2.1.3 Proportionality and Rule of Three

$5\hspace{0.17em}\mathrm{kg}$ of apples cost $3$ Euro. How much do $11\hspace{0.17em}\mathrm{kg}$ of apples cost?
In a first step, we convert the information we have about the price of apples in the following traditional notation, which in this example we could read as "costs":

${\displaystyle 5\hspace{0.17em}\mathrm{kg}\hspace{0.5em}\stackrel{\wedge}{=}\hspace{0.5em}3\hspace{0.5em}\text{Euro}\hspace{0.5em}.}$

In this example, the symbol in the middle can be read as "costs", but in other examples other readings will be required. The key point is that as the value on one side of the symbol varies, the value on the other will have to vary proportionally. In the second step, we want to scale this proportional relation so as to express it in terms of a unit amount of the quantity for which another value (here: $11\hspace{0.17em}\mathrm{kg}$) is given. So we multiply both sides by $1/5$ and get:

${\displaystyle 1\hspace{0.17em}\mathrm{kg}\hspace{0.5em}\stackrel{\wedge}{=}\hspace{0.5em}\frac{1}{5}·3\hspace{0.5em}\text{Euro}=0.6\hspace{0.5em}\text{Euro}\hspace{0.5em}.}$

In the third and final step, we multiply both sides by the number of units specified in the problem, which in our example is $11$:

${\displaystyle 11\hspace{0.17em}\mathrm{kg}\hspace{0.5em}\stackrel{\wedge}{=}\hspace{0.5em}11·0.6\hspace{0.5em}\text{Euro}=6.6\hspace{0.5em}\text{Euro}\hspace{0.5em}.}$

The required price for $11\hspace{0.17em}\mathrm{kg}$ of apples is therefore $6.60\hspace{0.5em}\text{Euro}$.

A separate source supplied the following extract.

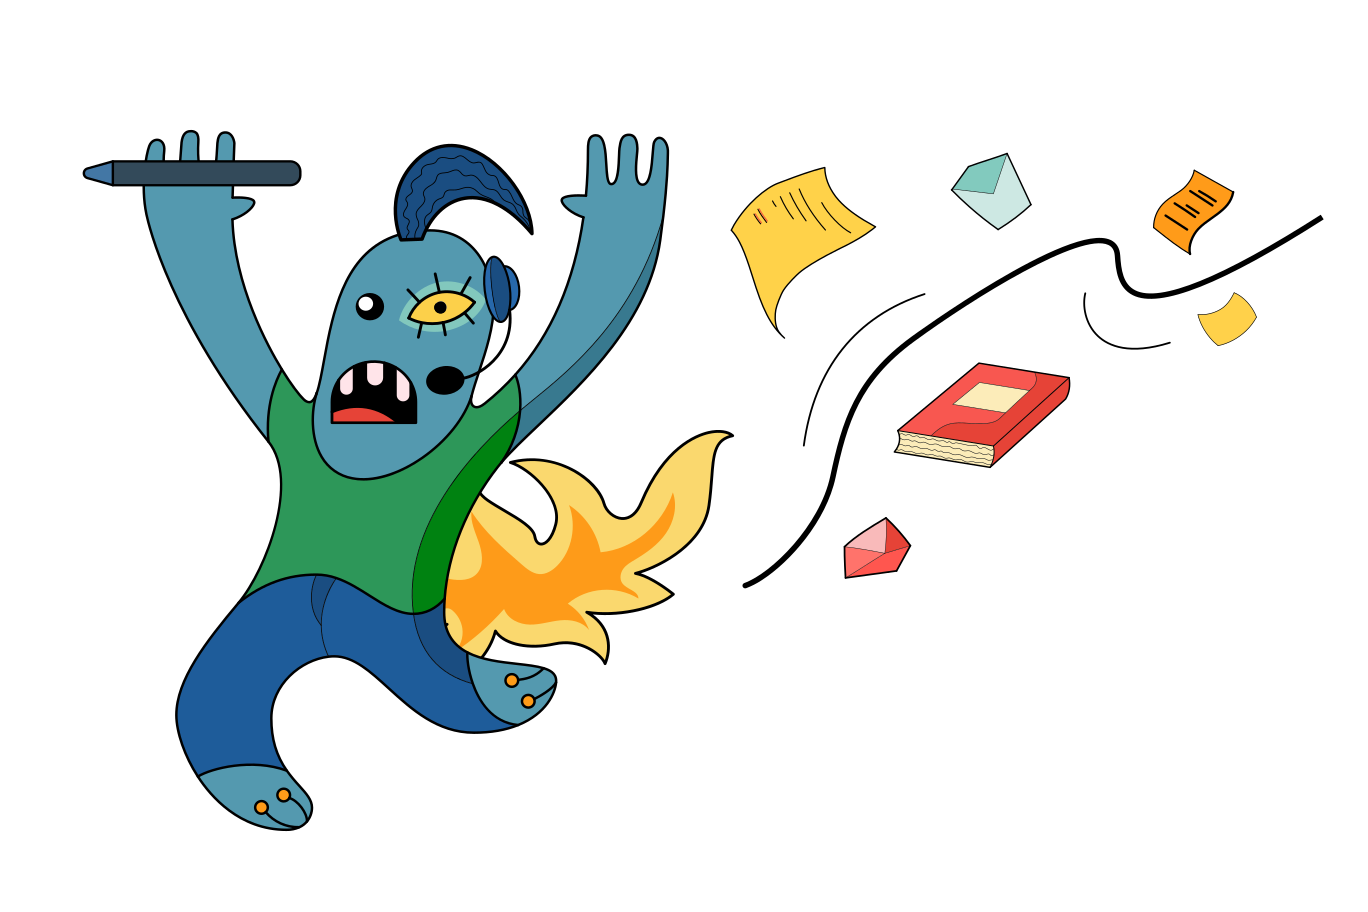 Avoiding work Clipart illustration in PNG, SVG
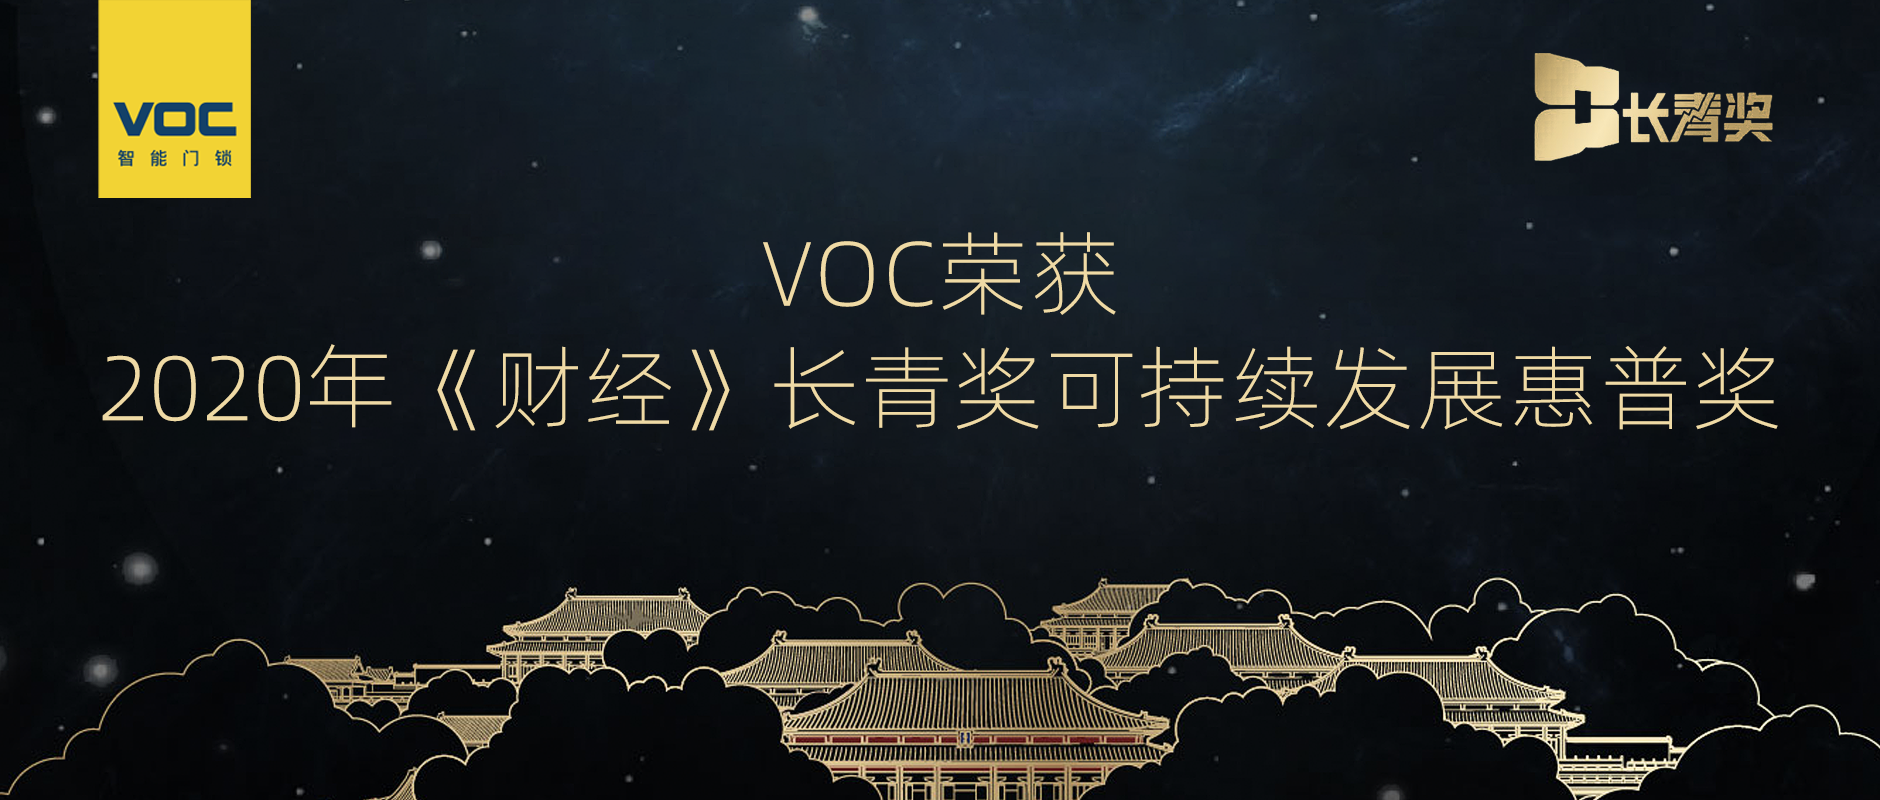 "AIoT硬科技可持续发展获认可,VOC摘得2020《财经》长青奖""可持续发展普惠奖"""

The price $P$ is proportional to the mass $m$. Hence, there exists a constant $k$ with

${\displaystyle P=km\hspace{0.5em}.}$

Since this relation also holds for the given values $m_0=5\hspace{0.17em}\mathrm{kg}$ and $P_0=3\hspace{0.5em}\text{Euro}$ it follows

${\displaystyle \begin{array}{ccc}\multicolumn{1}{c}{P_0=k{m}_0}& \hspace{0.5em}\Vert \hspace{0.5em}\hfill & \text{multiplying by}\hspace{0.5em}\frac{1}{m_0}\hfill \\ \multicolumn{1}{c}{⟺\hspace{0.5em}\frac{P_0}{m_0}=k}& ;\hfill & \hfill \end{array}}$
hence in this case

${\displaystyle k=\frac{3}{5}=0.6\hspace{0.5em},}$

taken in the unit of Euro per kg. (As a scientist you would correctly write $k=0.6\hspace{0.5em}\text{Euro}/\mathrm{kg}$, since proportionality factors generally carry a dimensional unit.) Using $m_1=11\hspace{0.17em}\mathrm{kg}$, one obtains finally

${\displaystyle P_1=k{m}_1=0.6·11=6.6\hspace{0.5em}\text{(Euro)}\hspace{0.5em}}$

which is the same result as for using the rule of three (see previous example).